═══ Data under study ═══

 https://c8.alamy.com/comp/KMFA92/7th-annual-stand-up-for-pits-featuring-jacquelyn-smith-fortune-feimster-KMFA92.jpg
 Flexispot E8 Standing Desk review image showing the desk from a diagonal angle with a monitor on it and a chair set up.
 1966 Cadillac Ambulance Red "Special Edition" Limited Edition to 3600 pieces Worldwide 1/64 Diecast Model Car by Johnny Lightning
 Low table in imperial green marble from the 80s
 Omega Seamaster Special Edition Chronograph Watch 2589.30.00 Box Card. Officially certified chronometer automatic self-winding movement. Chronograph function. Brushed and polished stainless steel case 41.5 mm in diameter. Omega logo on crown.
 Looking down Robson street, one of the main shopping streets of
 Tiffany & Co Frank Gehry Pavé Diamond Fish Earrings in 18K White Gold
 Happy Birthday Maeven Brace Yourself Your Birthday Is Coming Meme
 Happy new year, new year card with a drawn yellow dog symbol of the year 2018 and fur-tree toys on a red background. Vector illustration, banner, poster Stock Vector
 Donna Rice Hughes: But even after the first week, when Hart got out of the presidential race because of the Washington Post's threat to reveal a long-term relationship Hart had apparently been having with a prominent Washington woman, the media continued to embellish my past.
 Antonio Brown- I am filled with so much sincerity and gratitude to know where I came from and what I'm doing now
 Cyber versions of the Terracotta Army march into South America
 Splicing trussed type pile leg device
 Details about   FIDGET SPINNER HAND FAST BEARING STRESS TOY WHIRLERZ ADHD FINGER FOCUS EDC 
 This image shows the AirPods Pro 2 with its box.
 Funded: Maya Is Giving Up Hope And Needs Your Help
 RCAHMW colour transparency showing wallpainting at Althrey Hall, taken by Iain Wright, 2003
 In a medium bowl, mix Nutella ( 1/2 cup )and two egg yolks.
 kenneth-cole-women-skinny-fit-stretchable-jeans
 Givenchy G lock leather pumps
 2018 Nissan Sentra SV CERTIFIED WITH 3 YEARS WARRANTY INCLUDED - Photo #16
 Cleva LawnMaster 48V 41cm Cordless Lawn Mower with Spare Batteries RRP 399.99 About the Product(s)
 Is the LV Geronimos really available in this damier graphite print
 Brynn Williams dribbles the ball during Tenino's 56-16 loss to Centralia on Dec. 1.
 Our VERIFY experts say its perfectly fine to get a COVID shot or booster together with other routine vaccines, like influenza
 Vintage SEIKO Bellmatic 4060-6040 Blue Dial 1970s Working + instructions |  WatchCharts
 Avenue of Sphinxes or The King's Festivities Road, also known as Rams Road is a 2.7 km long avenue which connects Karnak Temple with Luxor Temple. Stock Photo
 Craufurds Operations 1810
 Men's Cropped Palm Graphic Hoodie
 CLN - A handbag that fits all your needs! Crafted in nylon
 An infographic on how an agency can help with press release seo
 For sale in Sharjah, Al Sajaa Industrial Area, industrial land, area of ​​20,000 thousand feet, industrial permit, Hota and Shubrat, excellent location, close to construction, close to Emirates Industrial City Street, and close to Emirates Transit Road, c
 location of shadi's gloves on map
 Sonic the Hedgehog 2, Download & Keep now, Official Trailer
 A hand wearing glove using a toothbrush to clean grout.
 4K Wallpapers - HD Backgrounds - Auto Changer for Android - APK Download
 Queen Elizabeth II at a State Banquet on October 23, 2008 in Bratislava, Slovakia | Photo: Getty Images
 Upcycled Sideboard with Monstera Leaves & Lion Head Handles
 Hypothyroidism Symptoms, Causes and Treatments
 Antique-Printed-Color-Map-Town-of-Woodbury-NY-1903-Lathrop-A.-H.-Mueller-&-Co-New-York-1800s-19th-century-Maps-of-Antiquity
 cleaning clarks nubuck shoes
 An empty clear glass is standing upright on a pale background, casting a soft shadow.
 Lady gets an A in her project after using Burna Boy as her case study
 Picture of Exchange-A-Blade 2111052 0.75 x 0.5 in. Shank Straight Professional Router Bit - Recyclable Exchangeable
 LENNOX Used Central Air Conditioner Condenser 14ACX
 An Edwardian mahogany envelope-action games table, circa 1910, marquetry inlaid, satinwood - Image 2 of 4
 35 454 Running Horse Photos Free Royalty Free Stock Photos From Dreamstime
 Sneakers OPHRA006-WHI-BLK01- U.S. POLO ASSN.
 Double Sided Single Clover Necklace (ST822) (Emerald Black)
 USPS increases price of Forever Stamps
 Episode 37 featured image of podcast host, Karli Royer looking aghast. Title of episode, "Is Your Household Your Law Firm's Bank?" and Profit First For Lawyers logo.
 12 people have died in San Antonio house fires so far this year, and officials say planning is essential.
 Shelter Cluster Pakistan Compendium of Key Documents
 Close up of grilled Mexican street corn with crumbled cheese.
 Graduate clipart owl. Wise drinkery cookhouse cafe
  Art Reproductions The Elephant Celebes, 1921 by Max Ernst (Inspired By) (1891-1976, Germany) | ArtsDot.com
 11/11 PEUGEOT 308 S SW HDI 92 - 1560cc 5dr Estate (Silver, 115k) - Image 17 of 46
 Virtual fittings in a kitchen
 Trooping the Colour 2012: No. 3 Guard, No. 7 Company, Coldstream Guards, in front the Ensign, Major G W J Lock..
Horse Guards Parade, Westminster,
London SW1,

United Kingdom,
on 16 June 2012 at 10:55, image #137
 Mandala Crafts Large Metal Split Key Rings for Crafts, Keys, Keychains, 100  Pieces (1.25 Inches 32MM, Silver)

═══

What to produce
In the entries above, find the line holding "Vintage SEIKO Bellmatic" and the line holding "Craufurds Operations 1810", then retype exactly those two lines and every line between them, and nothing else.

Response area
 Vintage SEIKO Bellmatic 4060-6040 Blue Dial 1970s Working + instructions |  WatchCharts
 Avenue of Sphinxes or The King's Festivities Road, also known as Rams Road is a 2.7 km long avenue which connects Karnak Temple with Luxor Temple. Stock Photo
 Craufurds Operations 1810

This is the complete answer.